:: Data extract ::

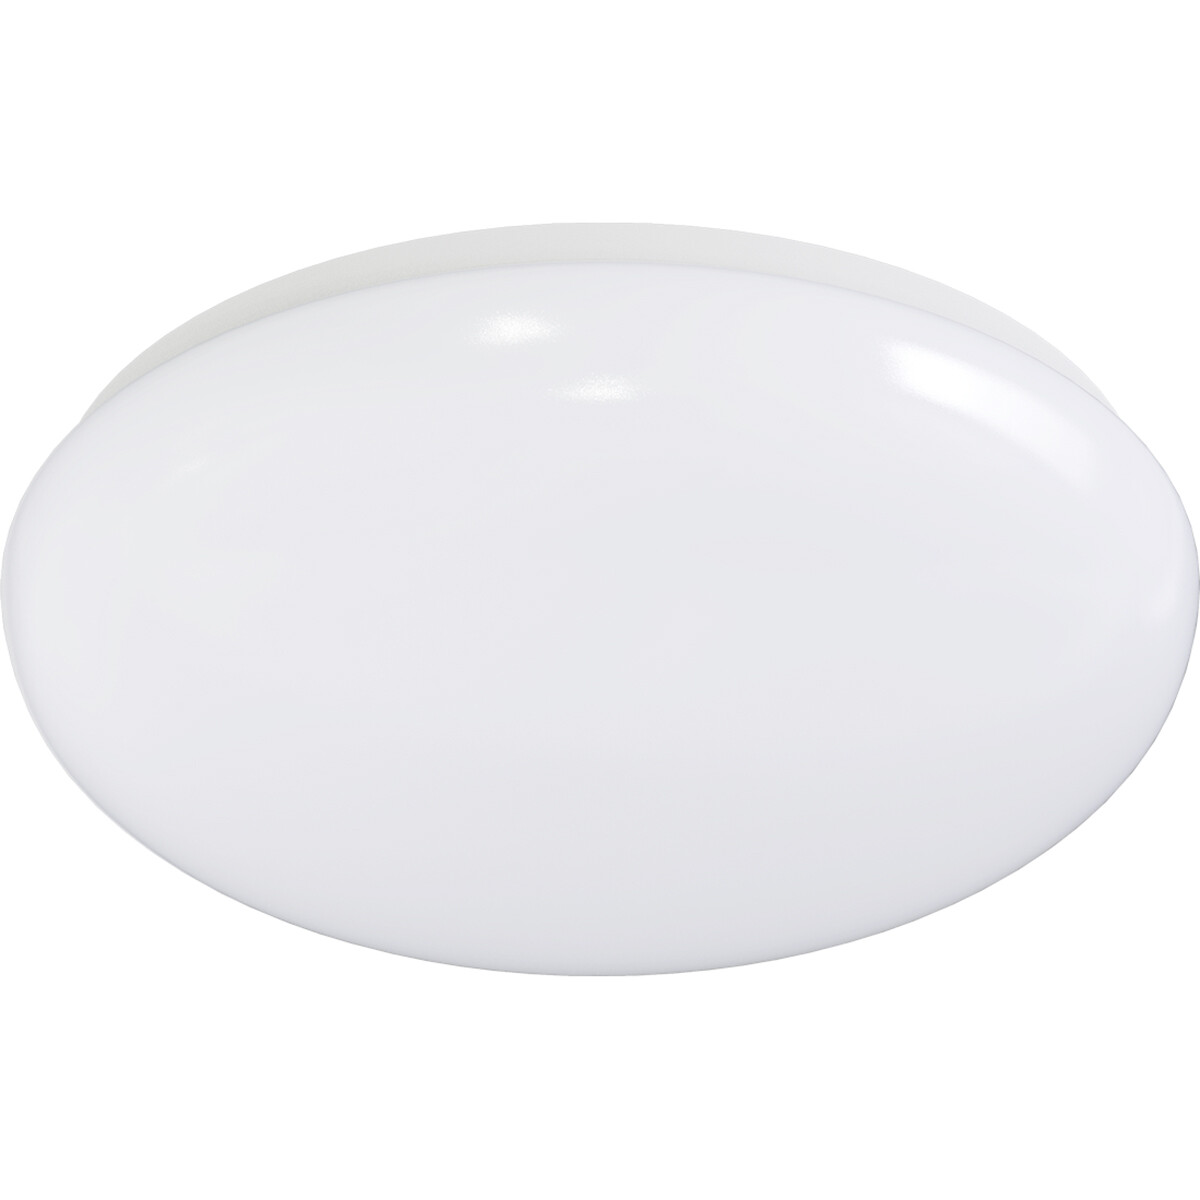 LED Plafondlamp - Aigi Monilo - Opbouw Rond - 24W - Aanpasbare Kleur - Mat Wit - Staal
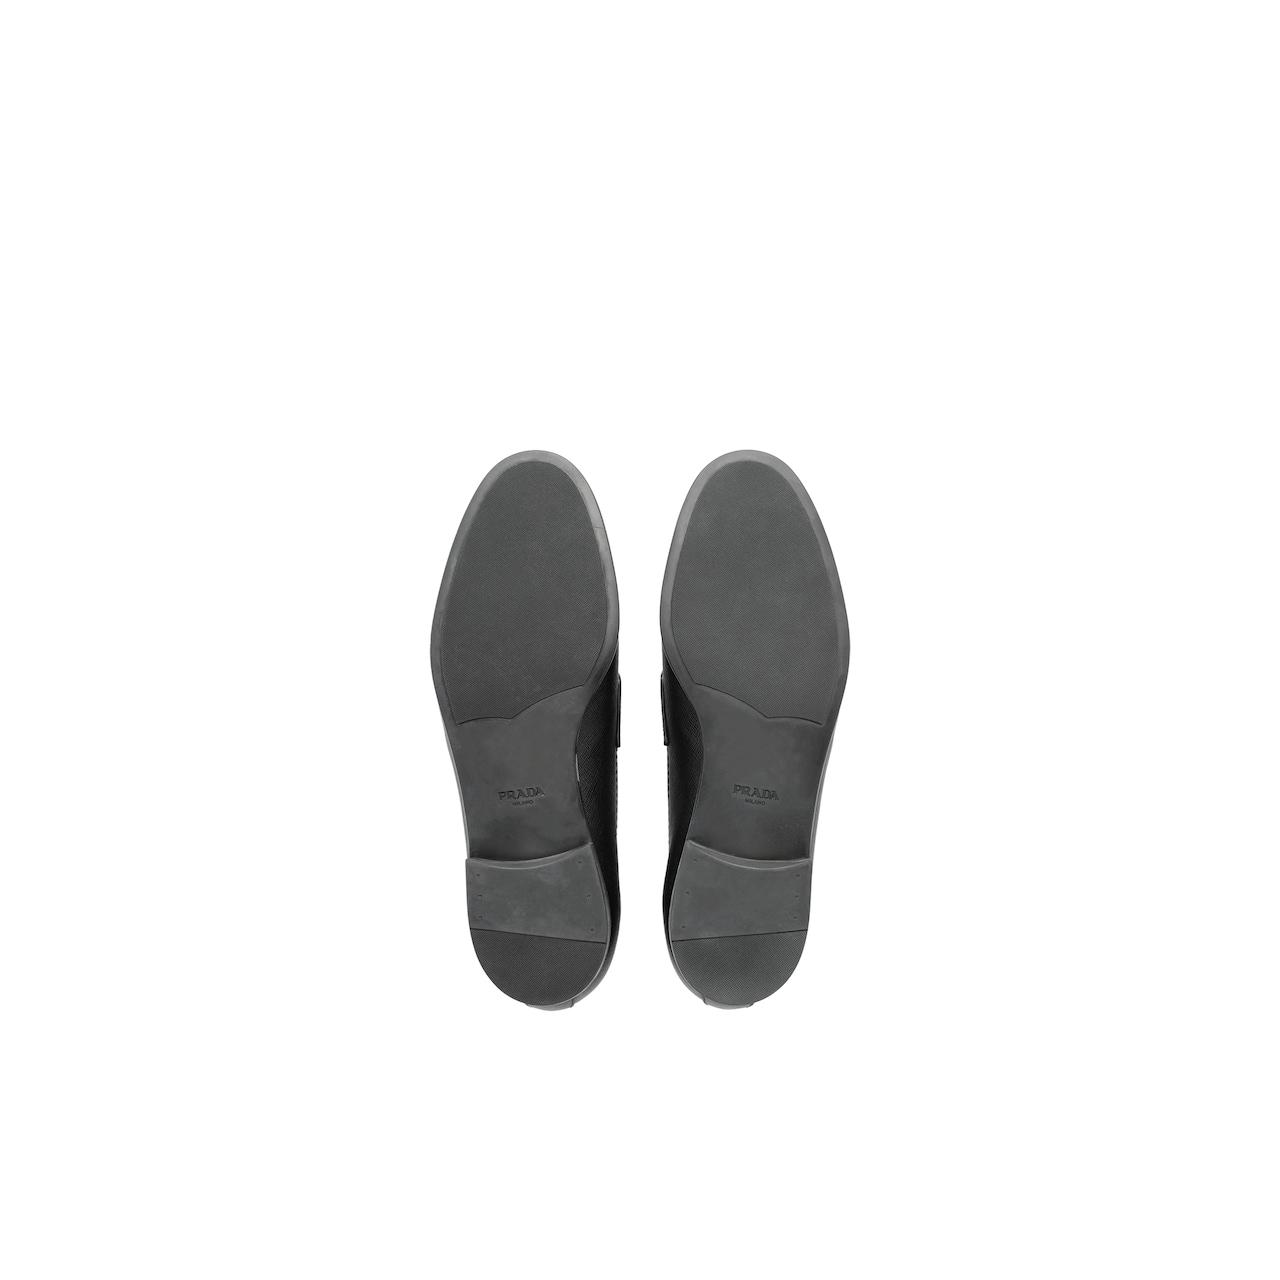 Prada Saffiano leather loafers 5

:::
:: Data extract ::

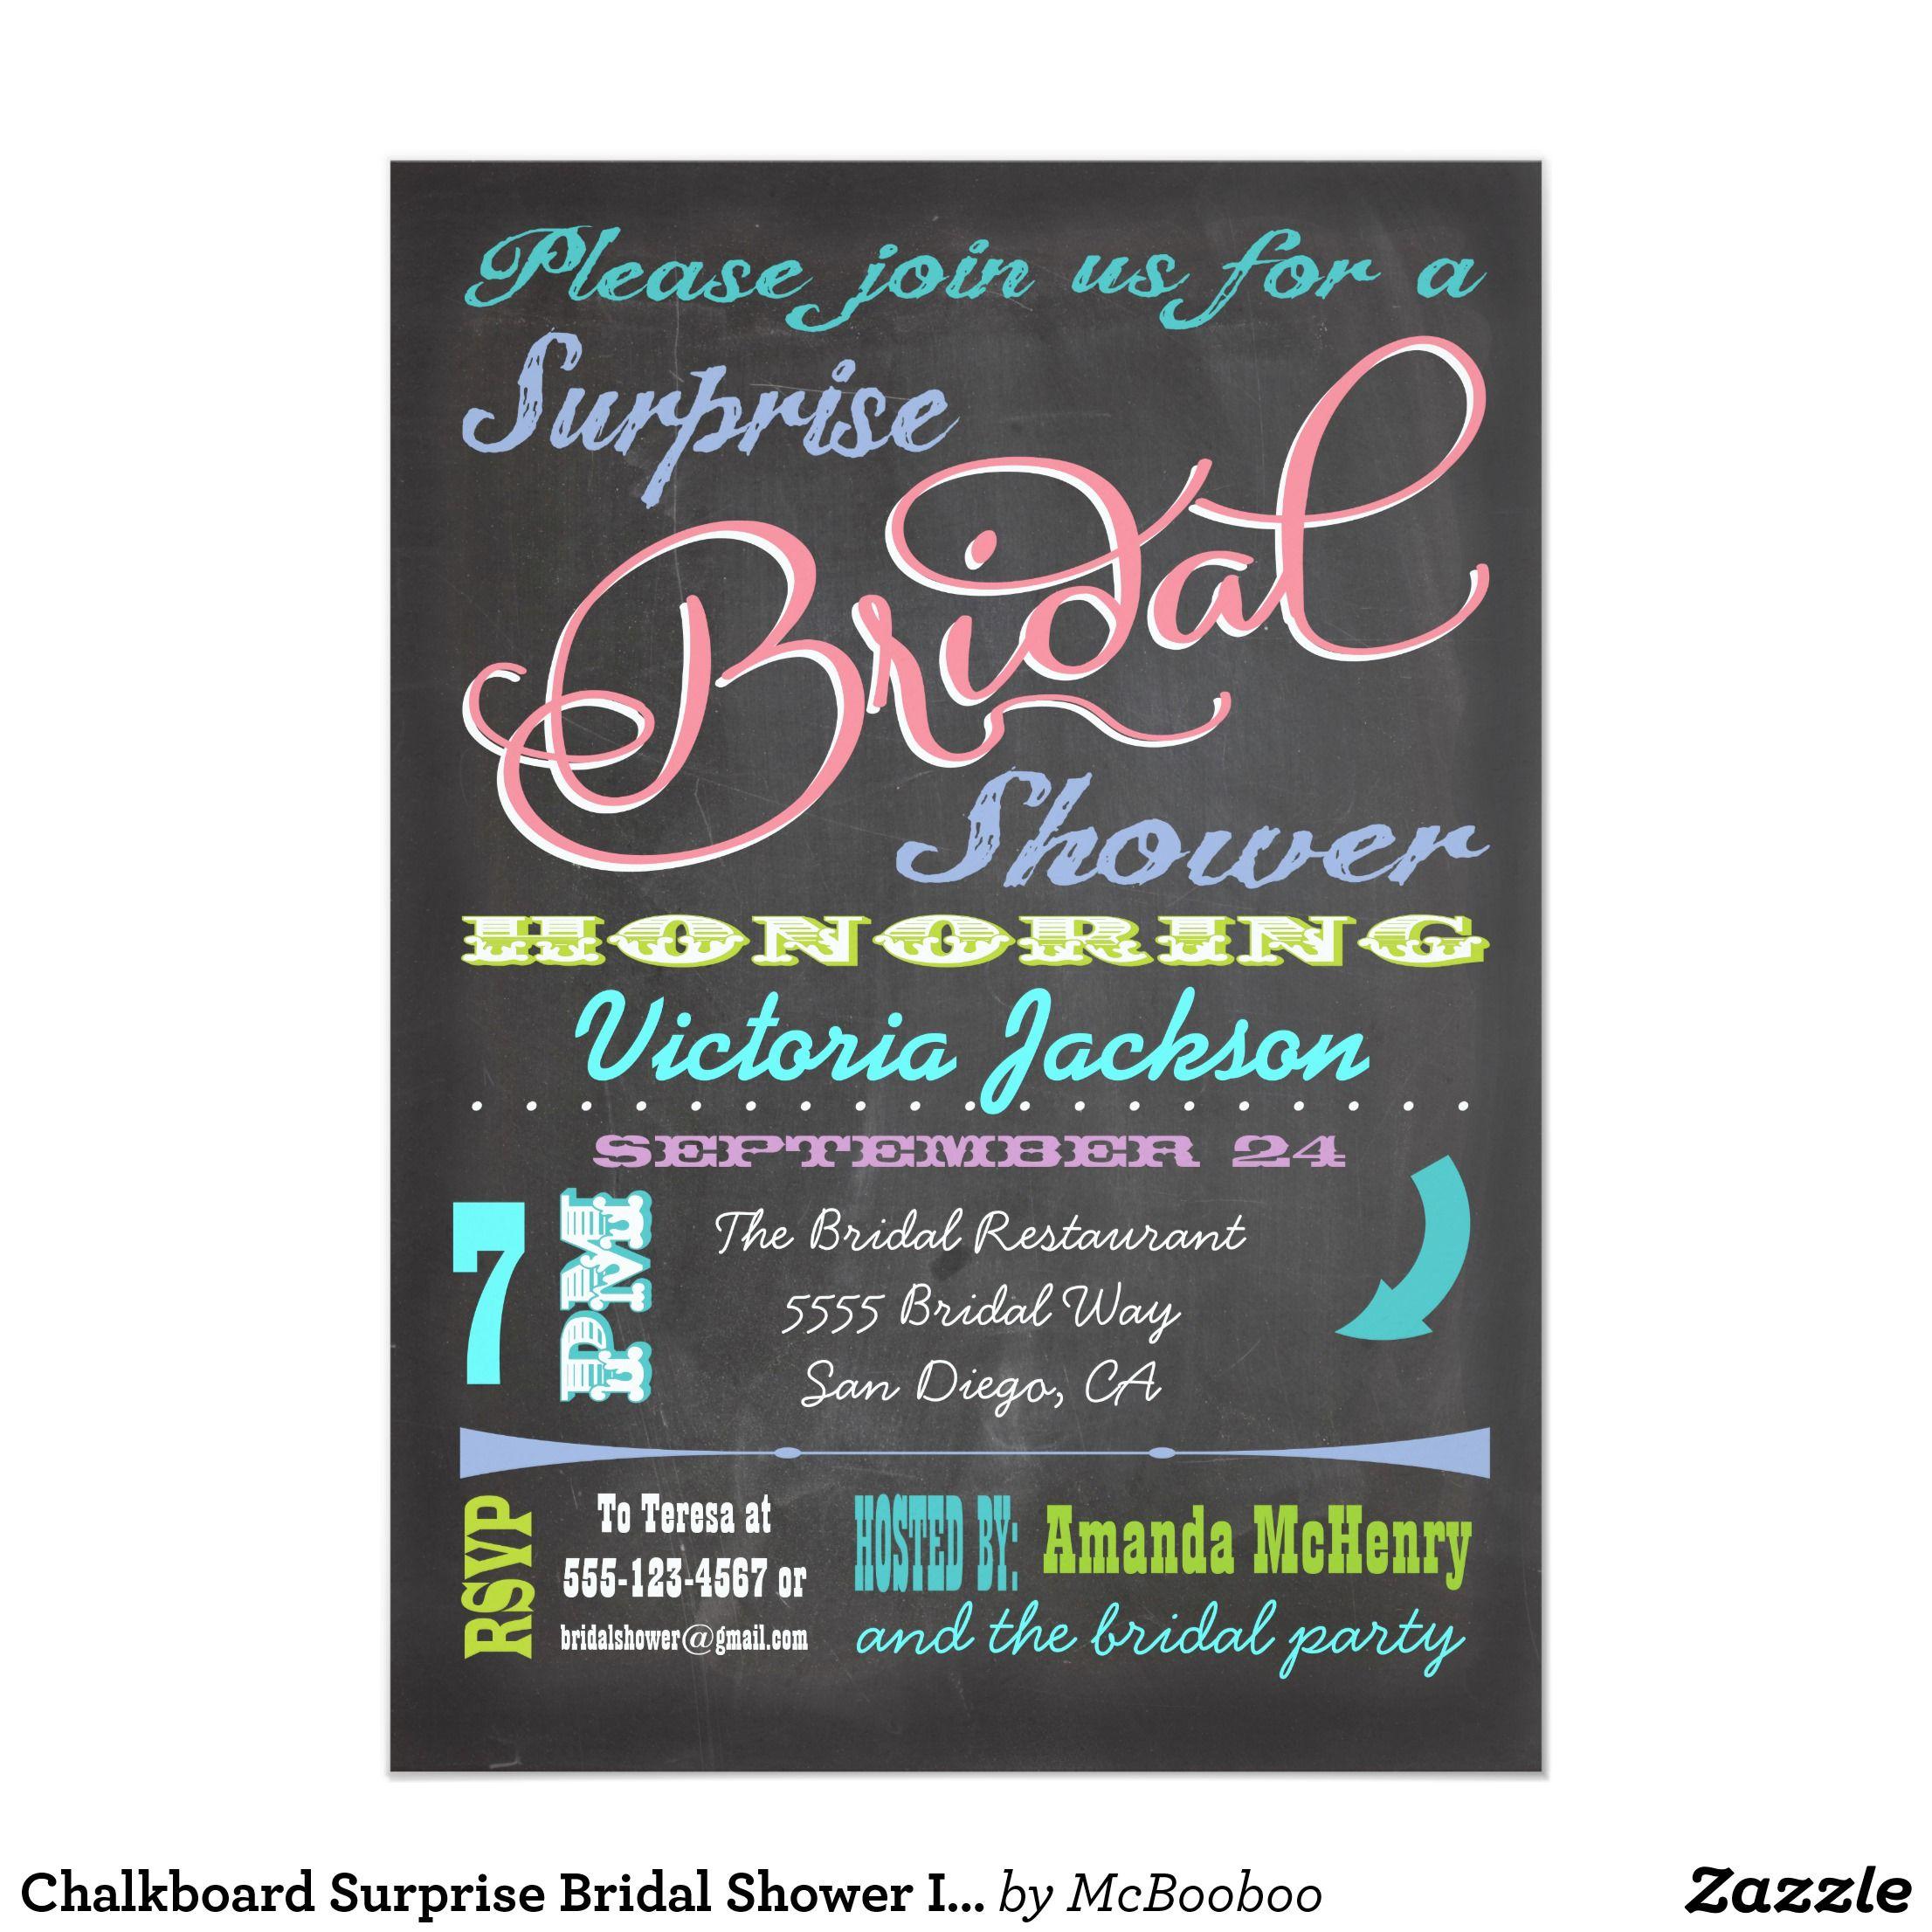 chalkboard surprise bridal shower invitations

:::

**Exercise:**
Above are the records. Copy only the lines from the one with "LED Plafondlamp - Aigi" through the one with "Prada Saffiano leather loafers 5", exactly, with no pictures.

**Solution to this exercise:**
 LED Plafondlamp - Aigi Monilo - Opbouw Rond - 24W - Aanpasbare Kleur - Mat Wit - Staal
 Prada Saffiano leather loafers 5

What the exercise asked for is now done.